3. Numerical Simulation Methods

In order to address the challenges of low reservoir energy, proppant flowback, easily closed fractures, and liquid accumulation in the drainage and production process of shallow shale gas in the T Field, a numerical simulation method was proposed to analyze the controlling factors of drainage and production. This method mainly involves two processes: model establishment and analysis of influencing factors. The key steps in the numerical simulation include: (1) Establishing a heterogeneous geological model based on well logging interpretations, fault information, and other data; (2) predicting hydraulic fracture propagation by field fracturing parameters and correcting fracture properties using fracturing construction curves; (3) generating unstructured grid and building models of relatively permeability, adsorption gas, stress sensitivity, and fitting production capacity, as well as correcting the geological properties by using production data, finally achieving a geological model building which can truly reflect the targeted block properties; and (4) analyzing the influencing factors based on the above situations.
Due to the hydraulic fracture propagation and productivity simulation being based on the Petrel platform, the numerical simulation process needs to adhere to the relevant assumptions of the UFM model and productivity simulation: ① All fractures in the model are assumed to be vertical fractures; ② the fracturing fluid is assumed to exhibit laminar flow behavior as a power-law fluid within the planar (fracture) structure; ③ the model assumes that the non-stimulated area consists of a single matrix pore, while the volume-stimulated area is composed of a matrix system and a fracture system; ④ it is assumed that during the initial flowback period, the fractures contain single-phase liquid flow.

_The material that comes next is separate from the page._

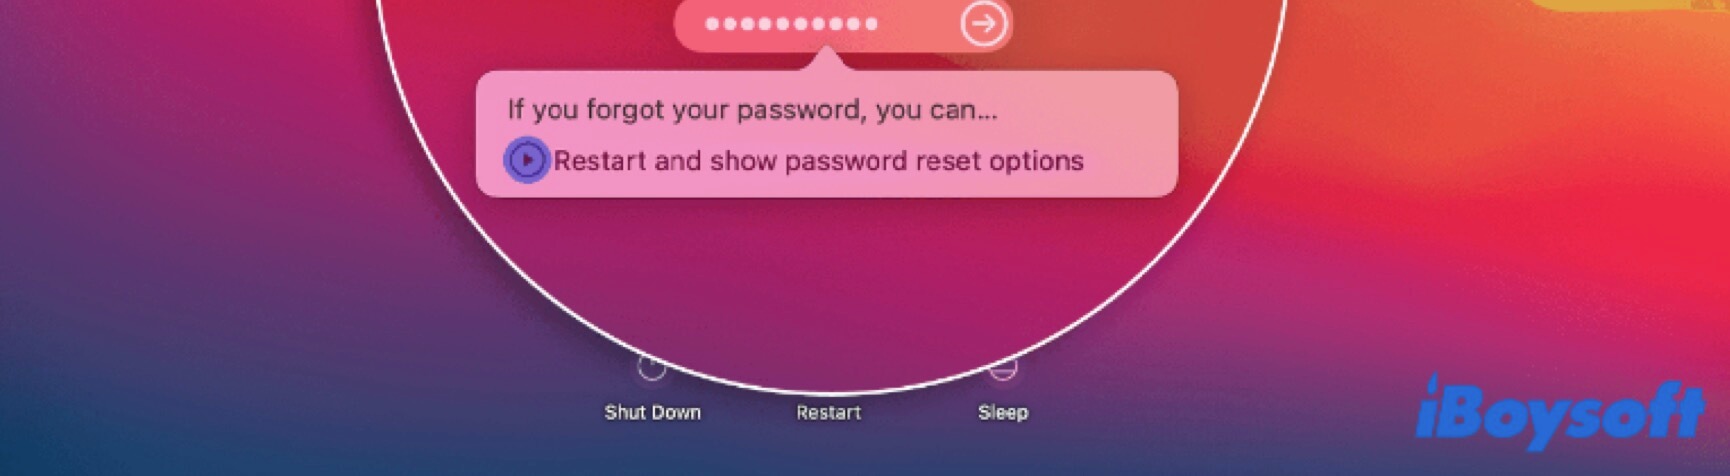 Mac neustarten und Passwort-Reset-Optionen anzeigen

3.1. Establishing a Three-Dimensional Geological Model

A heterogeneous reservoir quality and geomechanical model was established based on basic information of the wells and the interpretation results of well logs in the gas field. The geological model, as shown in Figure 2, incorporated information on natural fractures. The grid precision was set at 50 m× 50 m, with a vertical grid precision of 1 m. Based on the field logging data of the gas field, a geological model was established. The basic information range of this model is presented in Table 1.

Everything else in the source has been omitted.